Sequence of January 2010 Storms Shut In Silverton

Town Hall after the storms, and the Arcade avalanche path
in the distance, on Kendall Mountain, sporting a large,
fresh fracture line at timberline.
Town Hall in Silverton after January 2010 Storms
As happens at least a few times each winter, Silvertonians coped with (even reveled in) being “cut off” from our nearest neighboring towns by a series of three back-to-back storms on January 17th through 24th and the resulting natural and explosively triggered avalanches.
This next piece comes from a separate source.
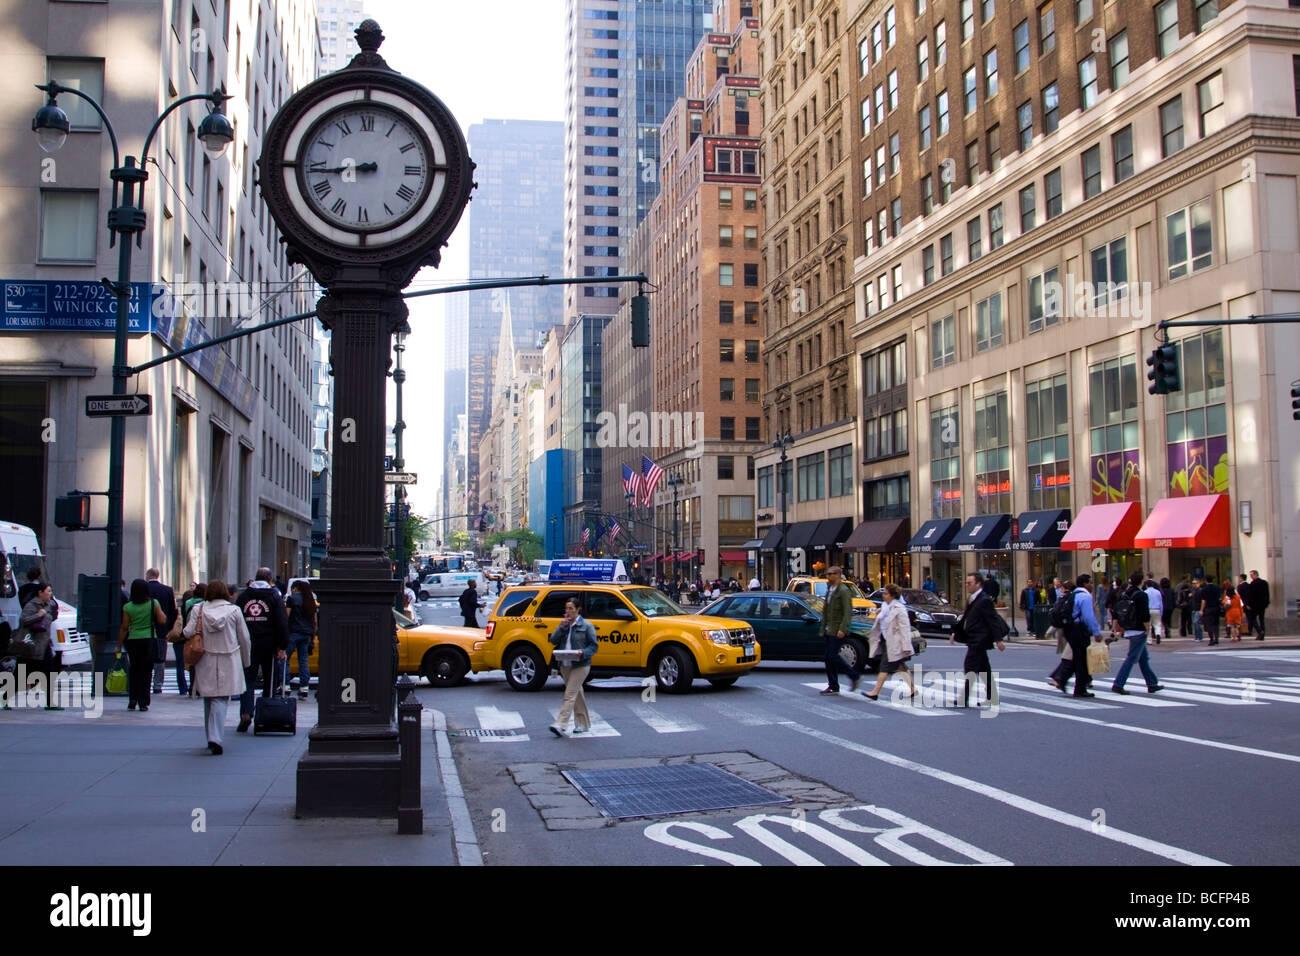 5th Avenue New York Stock Photos & 5th Avenue New York

US Highway 550 was closed in both directions for over 40 hours, to the north and south, and all County roads leading out of town were also closed for a day, thwarting those few powder hounds who had made it into town before the passes closed and anxious to ski the steep and deep at Silverton Mountain ski area.  Even our small ski hill in town, at Kendall Mountain, had to suspend operations for the day.  Roofs in town were producing significant avalanches as well, and the superbly efficient Public Works crew had their hands full keeping the streets open, stockpiling enormous amounts of snow down the center of Greene Street, the main drag, for future removal.  This series of storms was comparatively wind-free, a welcome feature given memories of the ferocious storms and blowing snow of 2008/2009.

snow of roofs
A post-storm inspection found 2’ to 3’ foot avalanche fracture lines on roofs throughout town.  Roofs in nearby Durango, which received even more snow than Silverton, were stressed to the brink and beyond.